The PWAS processed samples were the most concentrated samples with the highest viability, indicating that the PWAS is as effective at cleaning lipoaspirate as RLDS. A further advantage of PWAS is that it is designed to process a large volume (700 mL) of lipoaspirate in a single harvest, lowering the overall surgical time required.

It should be noted that although some studies have shown that distinct harvesting techniques result in different outcomes,[20-22] other studies support that the harvesting procedure does not affect future graft survival.[23,24] Consequently, although we have shown that both systems process lipoaspirate equally efficiently, the clinical significance of this study cannot be determined. The fat processed from these systems was not grafted to assess outcomes in terms of volume retention and fat graft survival, and, hence, warrants a future study.

As this system is not yet commercially available, information on its clinical experience has not yet been reported. This bench top experiment was designed to simulate clinical use. We found both systems easy to use, but felt that PWAS was more stable on a table and easier to use in terms of removing the processed fat.

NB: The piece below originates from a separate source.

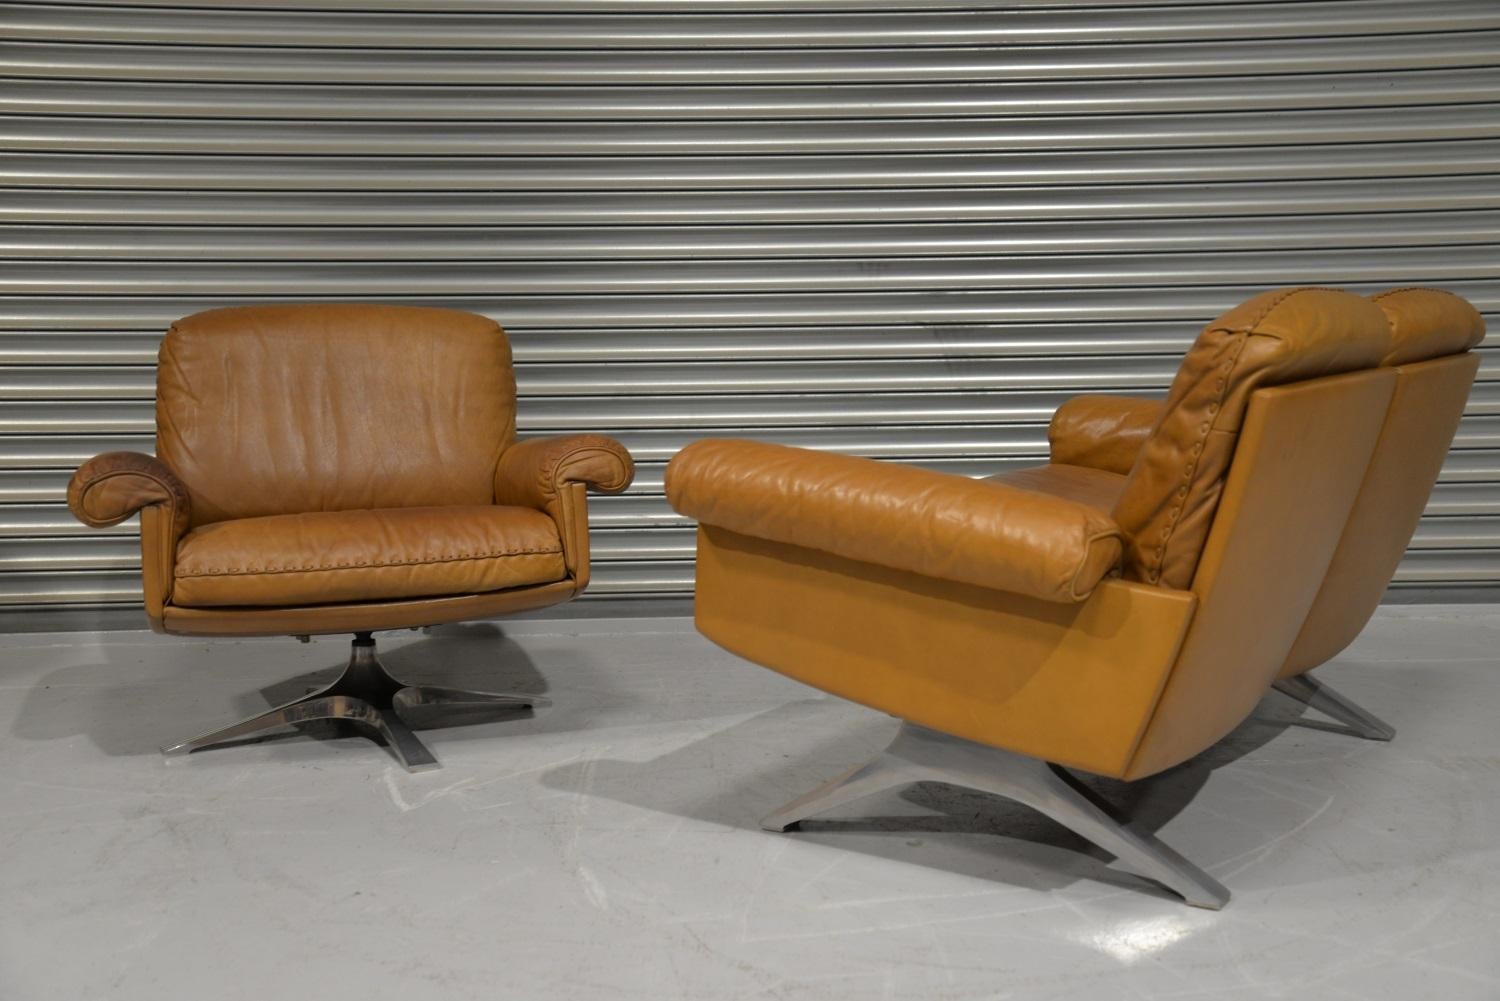 Late 20th Century Vintage De Sede Ds 31 Two-Seat Sofa with Swivel Armchair, Switzerland, 1970s
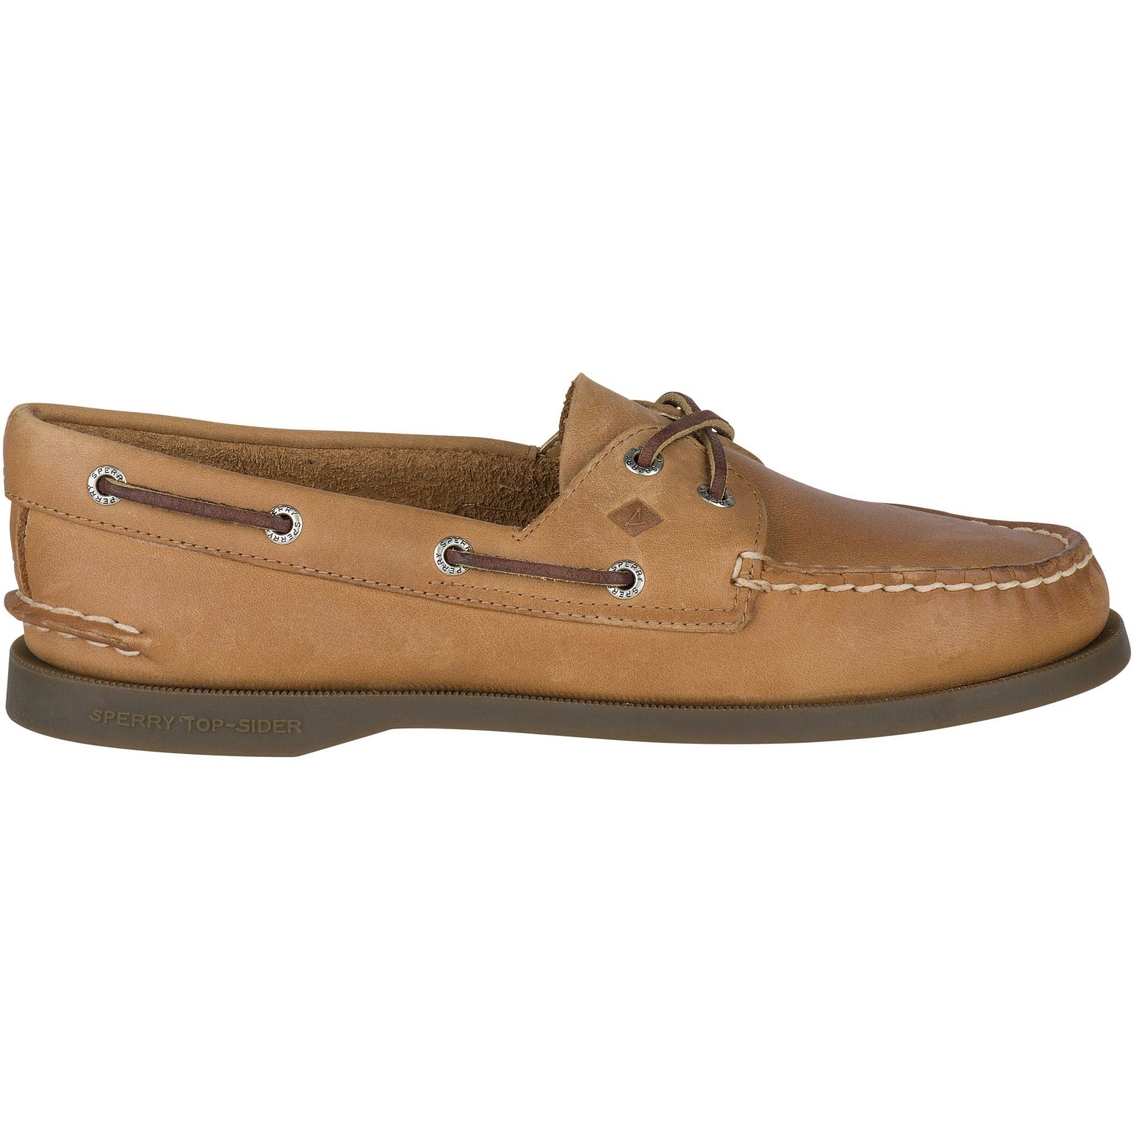 Sperry Authentic Original Two Eye Boat Shoes - Image 2 of 6

This is reported as a preclinical study and is limited by not being able to blind the 2 systems and the potential bias due to funding of the study. Future clinical trials will be needed to quantify the final results of these systems including volume retention and tissue elasticity. In clinical practice, these less labor-intensive devices may be more efficient for large-volume fat grafting procedures.